How Unlikely Are We?

“The difficulties of interstellar travel are widely underestimated.  Within the stargate plexus, even simple ships — capable of only relatively low accelerations, capable of being built by cultures little more capable than those which have developed orbital flight, and requiring no extraordinary skill for a single sophont to pilot and maintain — can travel between star systems in a matter of weeks or months.  The capital and operating costs of such ships are high, but are not out of reach of a small consortium or well-off individual entrepreneur.  As such, worlds and cultures throughout the constellations connected by the plexus have blossomed, spreading civilization across the Associated Worlds and out into the Expansion Regions; and those cultures and their people which possess basic spaceflight capability can indulge freely in interstellar travel freely for colonization, trade, exploration, even tourism, at costs which are low enough to keep it from being the exclusive preserve of an elite, wealthy class.”

“Further, the stargate plexus binds the Associated Worlds together, in what may be an even more significant way, by acting as a carrier for the extranet.  While not instantaneous, since the Luminal Limit still applies between gates in the same system, communications can cross the entire width of the plexus in a matter of weeks rather than centuries, and most delays within polities are mere hours or days, even if not ameliorated by broadcatching, caching, and the use of AI and fork agent-proxies.  While light-lag and other delays and inconveniences in communications maintain separate cultural regions even within individual systems, as well as across the Worlds as a whole, that such communication, broadcast of media, and free exchange of information are possible and within the ready grasp of almost anyone in the Worlds with access to any sort of terminal does a great deal to create a common metaculture and understanding from core to Periphery.  (An effect which is only enhanced in those polities whose citizens have access to and cultural mores permitting the use of mindcasting to travel as data, at extranet speeds.)”

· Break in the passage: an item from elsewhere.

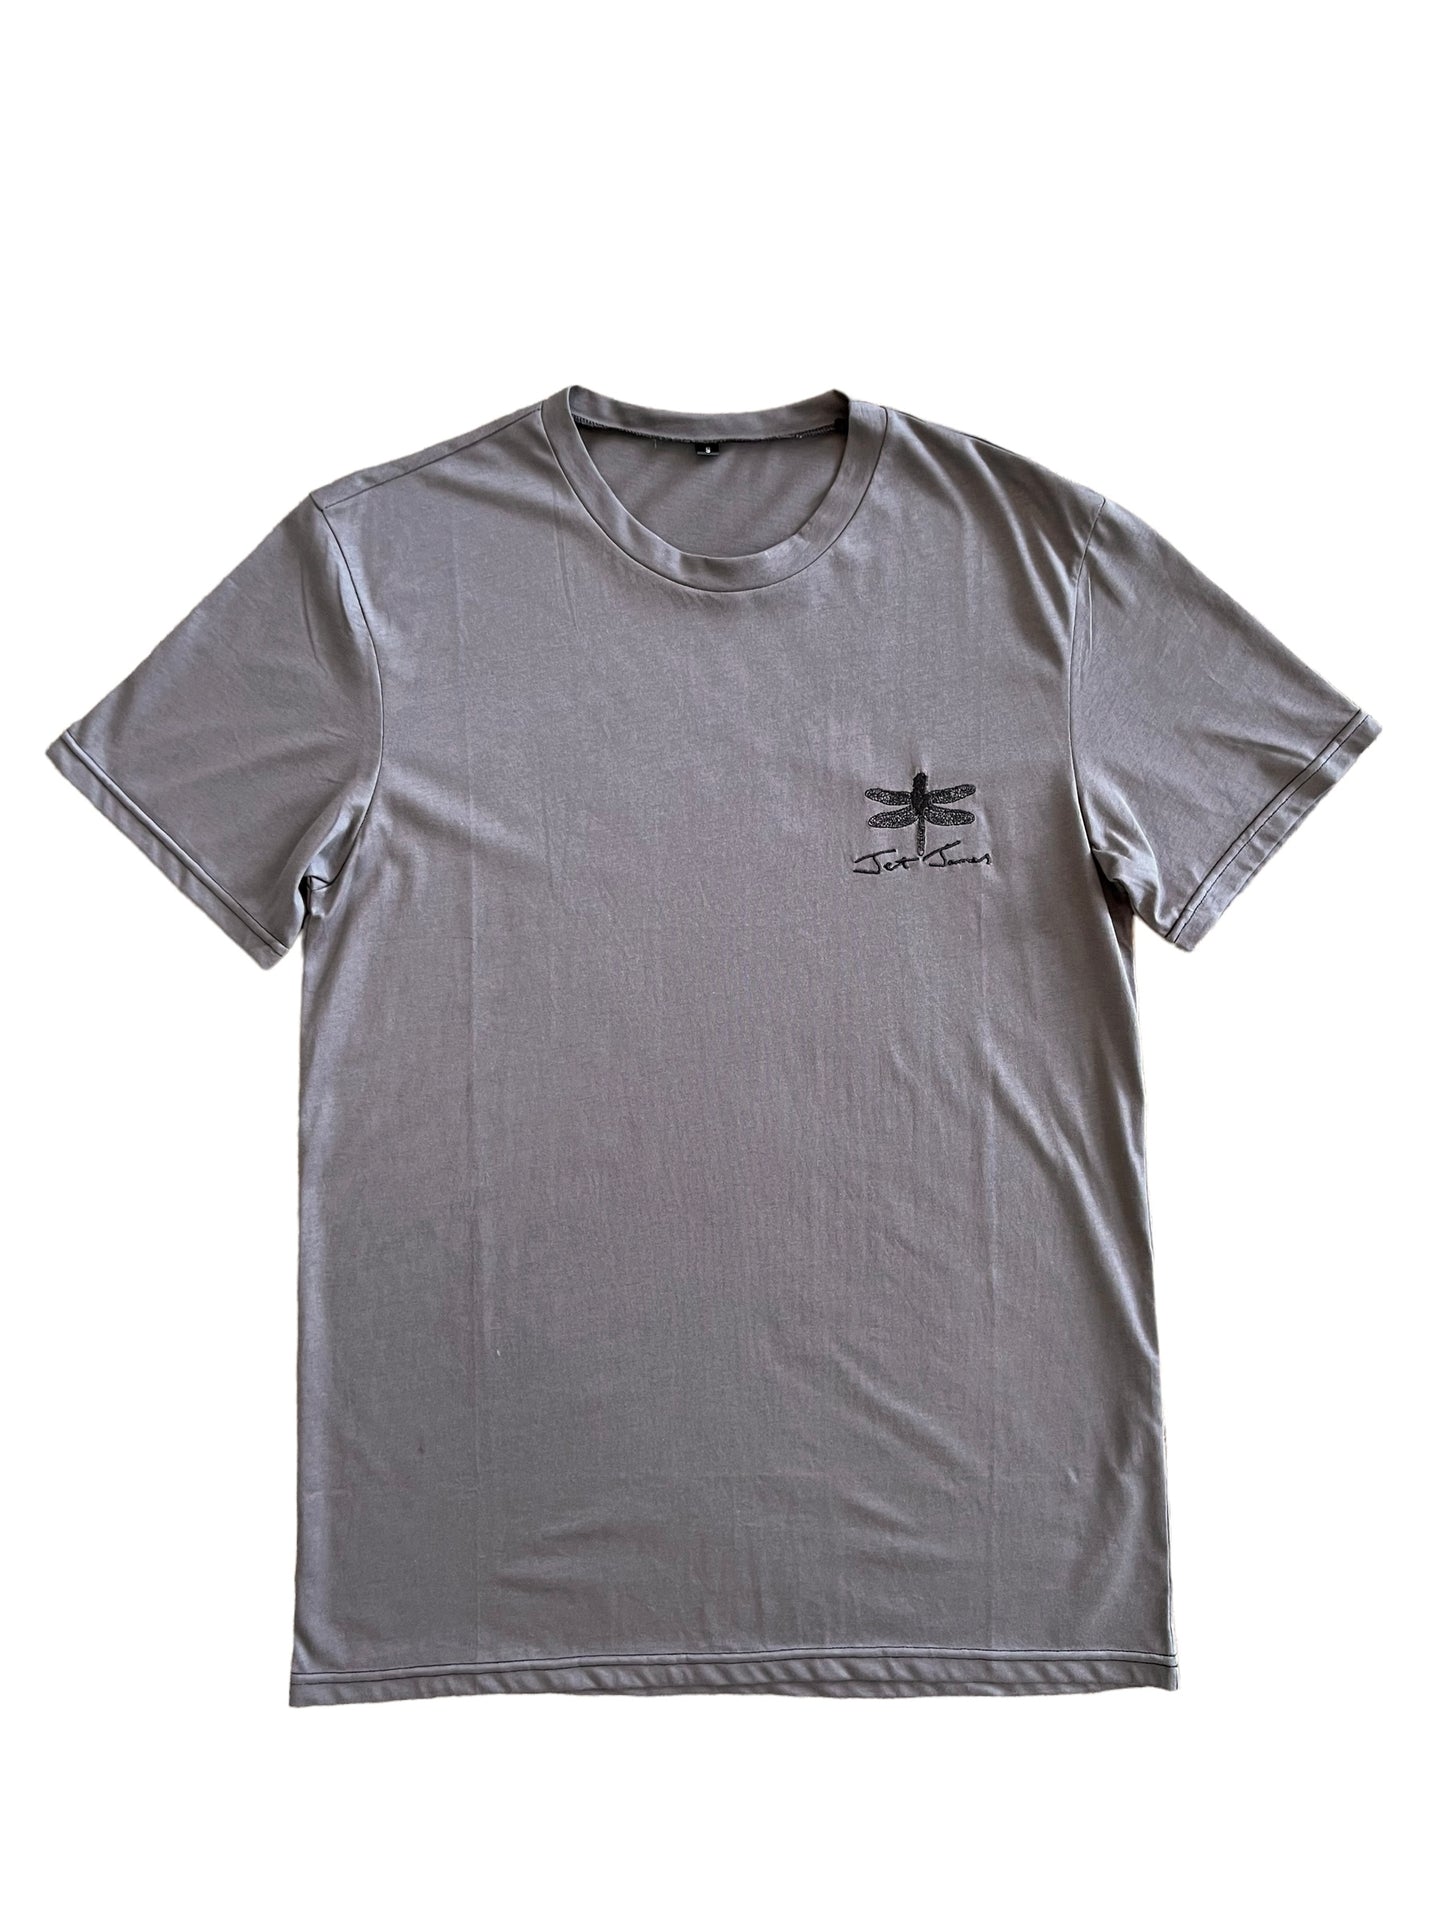 Jet James Plain Cotton T-Shirt

“All of this is to forget that in order for this to be possible, the stargate plexus had to exist already.  Let us examine how unlikely this truly is: the construction of artificial wormholes requires simultaneously an advanced scientific and technological culture, enough wealth to invest in the construction of multi-trillion-exval stargates and the new industries required to enable their construction, an adequately long-term viewpoint to make such investments seem viable, an existing lighthugger technology able to transport the distal wormhole terminus to its destination, and, most unlikely of all, such a multi-millennial genius as Imogen Andracanth to make the particular breakthrough permitting controlled wormhole inflation and stabilization without first possessing a mature ontotechnology.  Of all the thousands of civilizations known in the Associated Worlds and beyond, only two have ever made this discovery independently – the Empire, and the Voniensa Republic.”

“Without these miracles – I do not believe that this understates the case – could an interstellar civilization be possible?  I will not say that it would not; it would be possible to imagine a loose confederation of worlds, or a meta-empire, held together by slow light-bound trickles of information and low-speed lighthuggers bearing high-value data, supremely precious low-mass cargoes, and the occasional colonization mission – at least among the immortal or extremely long-lived.  But with only lighthuggers available – ships the size of mountains available only at high capital cost, requiring millions of tons of antimatter and deuterium to fuel at the cost of billions of exval, with large and skilled crews making much longer commitments in terms of wall-clock time and even more yet in empire time, no thriving, cosmopolitan association such as we now enjoy could have come into being.”